In 2022, Di Ventra was accused of retaliation by a striking graduate student worker in his lab as he gave the student a "U" (unsatisfactory) grade. In response, Di Ventra said he did not threaten the student and that the grade related to the student's lack of performance in classes, saying: "it's a student class, it's not related to the strike". After reaching its agreement, the union agreed to drop all charges of unfair labor practices.

=== Research ===
Di Ventra has published more than 200 papers in refereed journals (he was named 2018 Highly Cited Researcher by Clarivate Analytics) and has 7 granted patents (3 foreign). He is the co-founder of MemComputing, Inc.

Di Ventra has made several contributions to condensed-matter physics, especially quantum transport in atomic and nanoscale systems, non-equilibrium statistical mechanics of many-body systems, DNA sequencing by tunneling, and memelements.

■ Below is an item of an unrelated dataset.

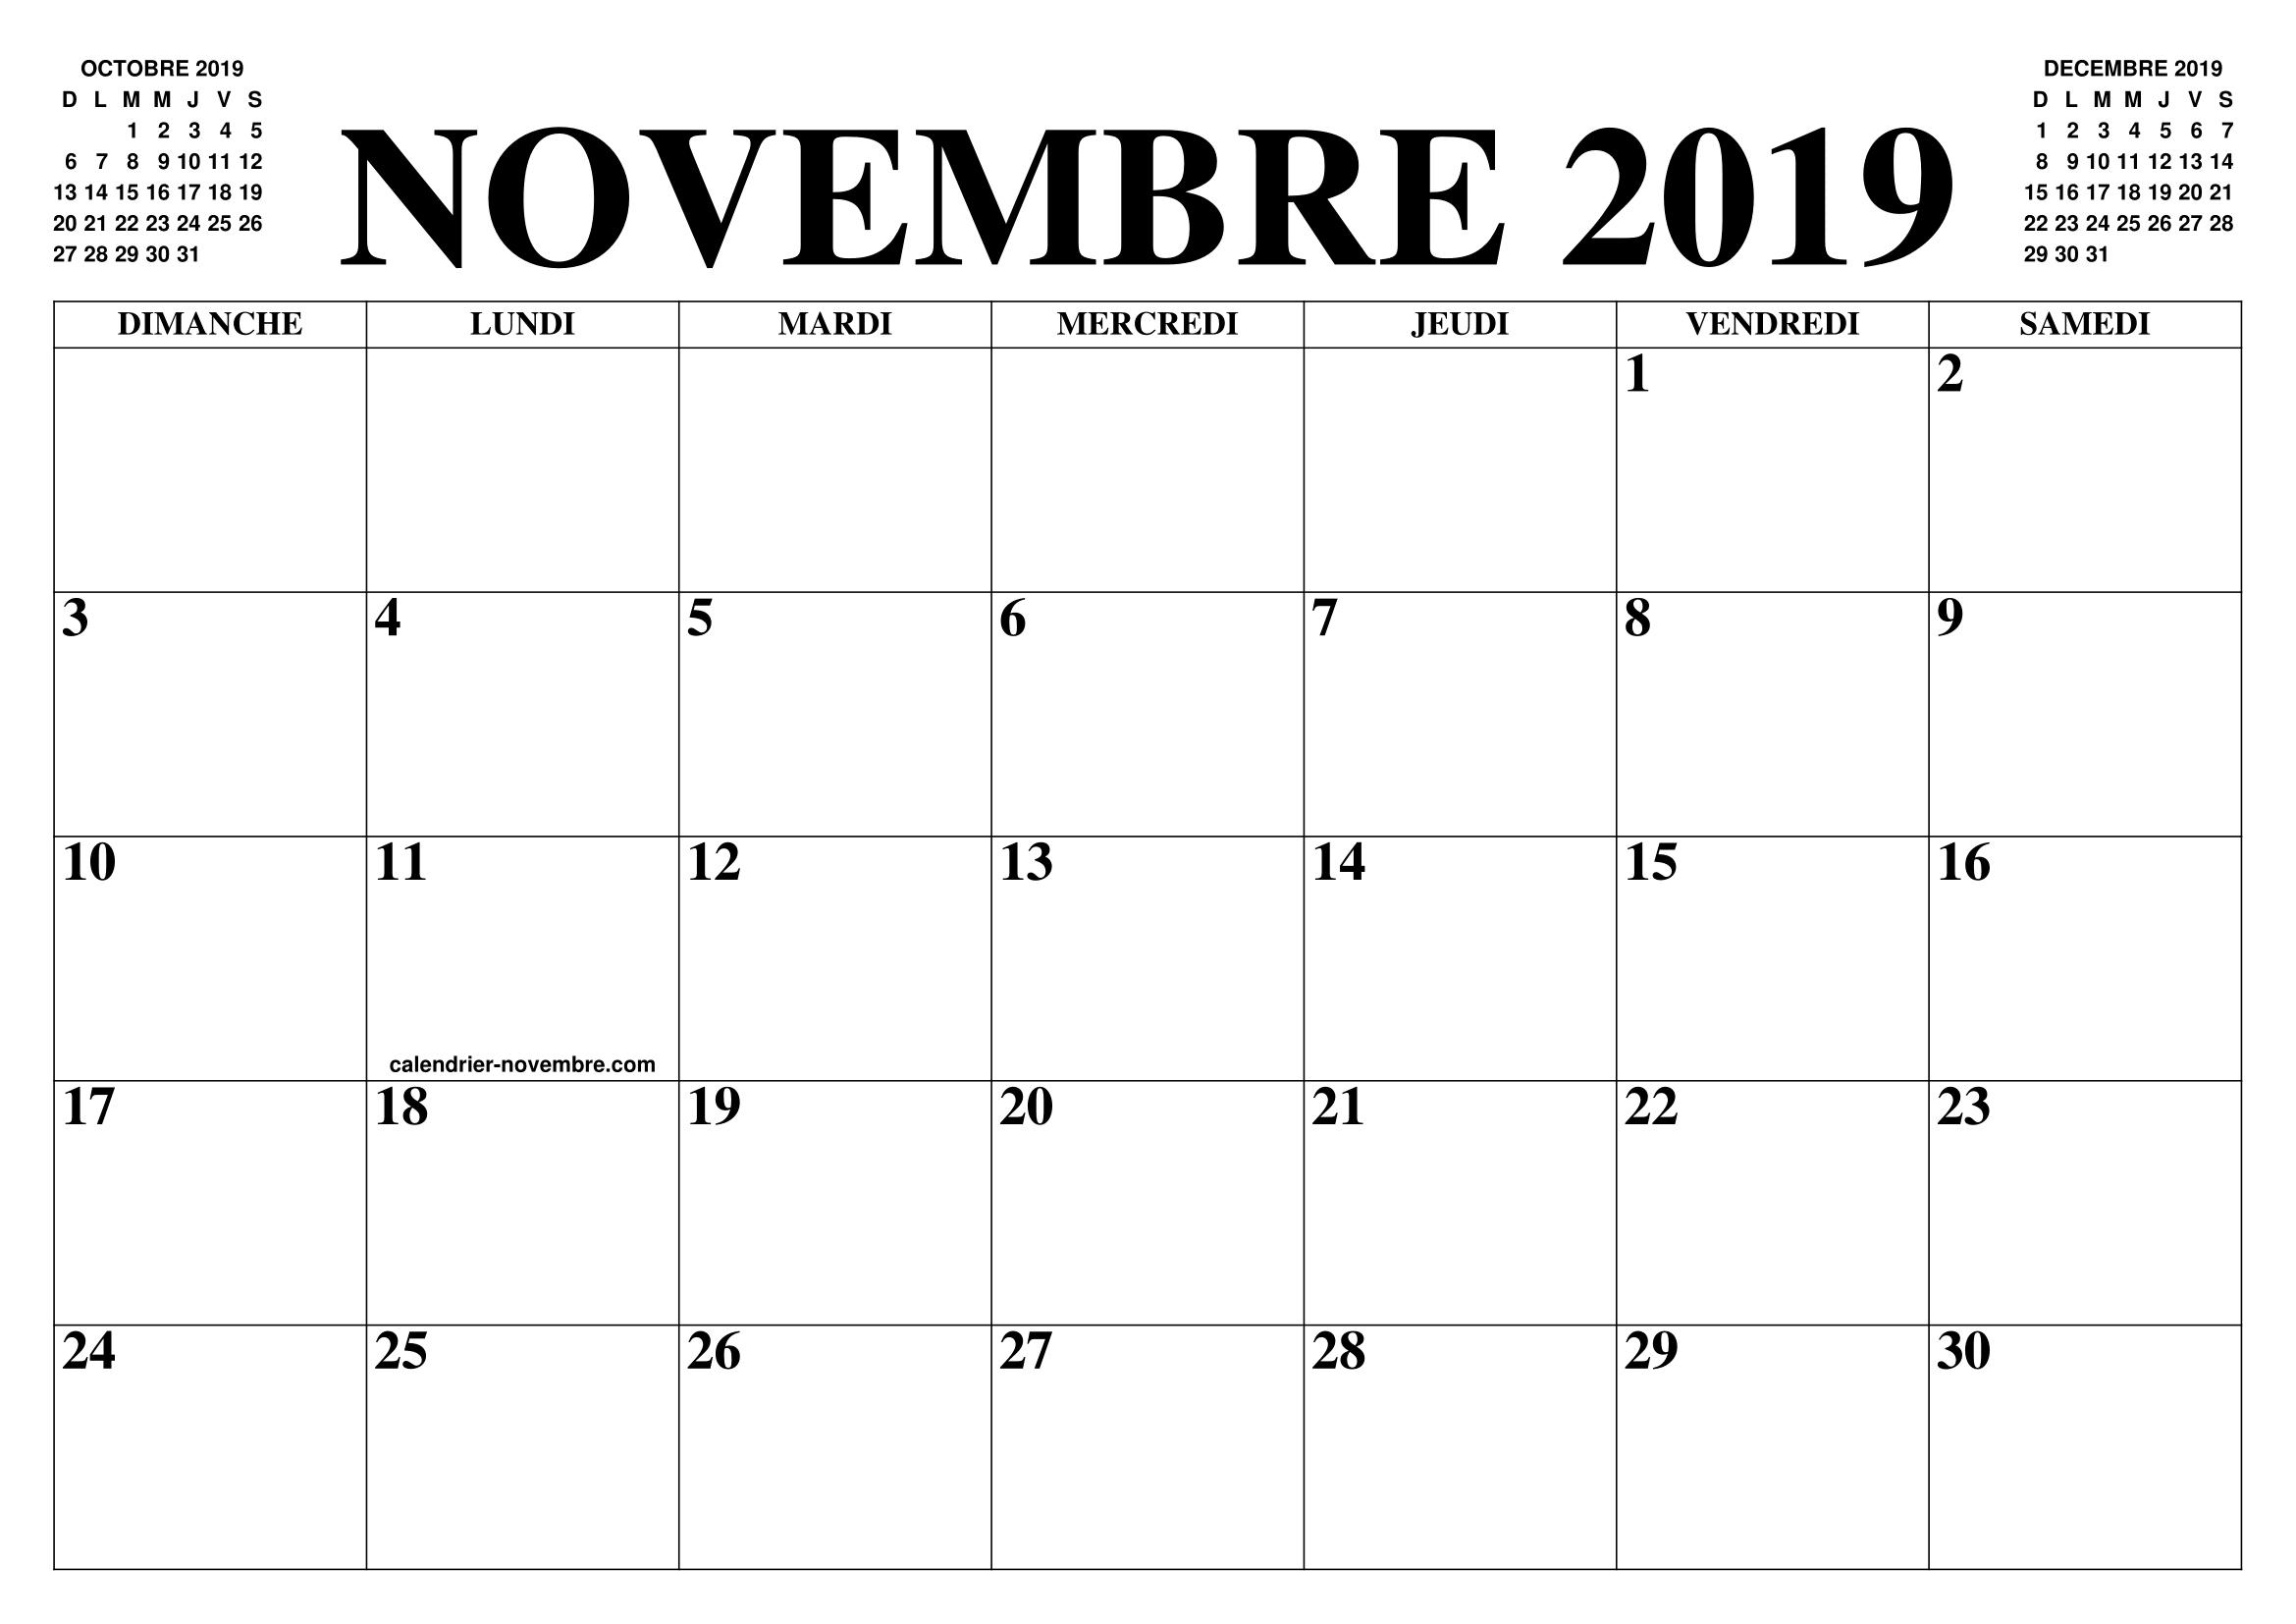 Calendrier Mois De Novembre 2019.Calendrier Novembre 2019 2020 Le Calendrier Du Mois De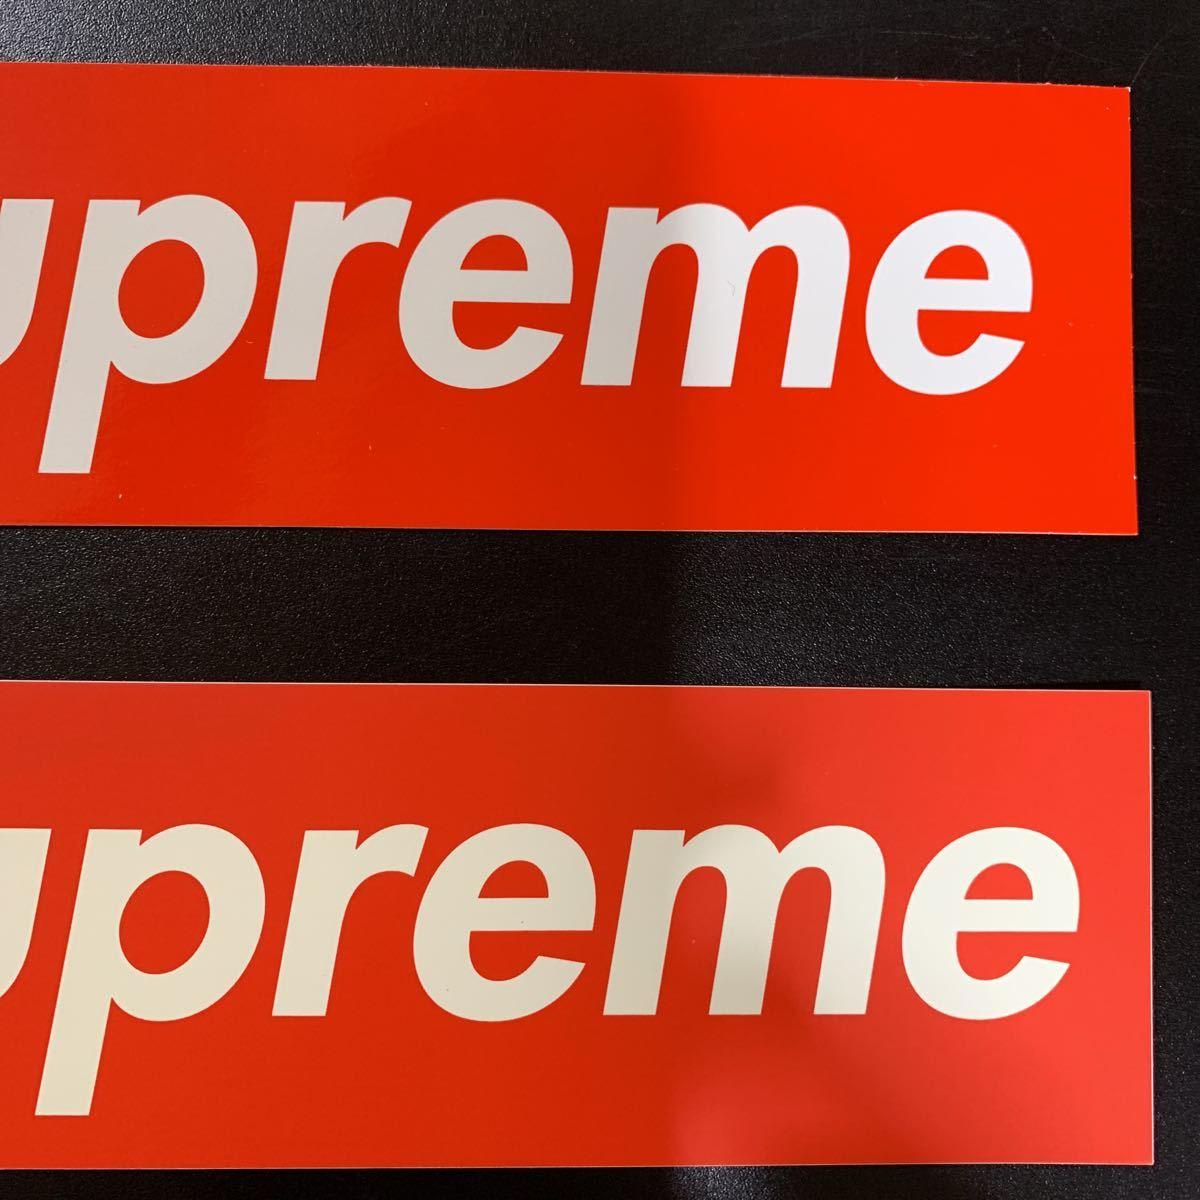 【正規品・新品未使用品】《送料370円》SUPREME 新旧 BOX Logo 2枚セットシュプリーム ボックスロゴ ステッカー _画像3

He suggested the MemComputing paradigm of computation, and with his group and collaborators he derived various analytical properties of memristive networks, including the
Caravelli–Traversa–Di Ventra equation, an exact equation for the evolution of the internal memory in a network of memristive devices.

== Books ==

- M. Di Ventra and Y.V. Pershin, Memristors and Memelements: Mathematics, Physics, and Fiction (Springer, 2023).
- M. Di Ventra, MemComputing: Fundamentals and Applications (Oxford University Press, 2022).
- M. Di Ventra, The Scientific Method: Reflections from a Practitioner (Oxford University Press, 2018).
- M. Di Ventra, Electrical Transport in Nanoscale Systems (Cambridge University Press, 2008).
- M. Di Ventra, S. Evoy, J.R. Heflin, eds., Introduction to Nanoscale Science and Technology (Springer, 2004).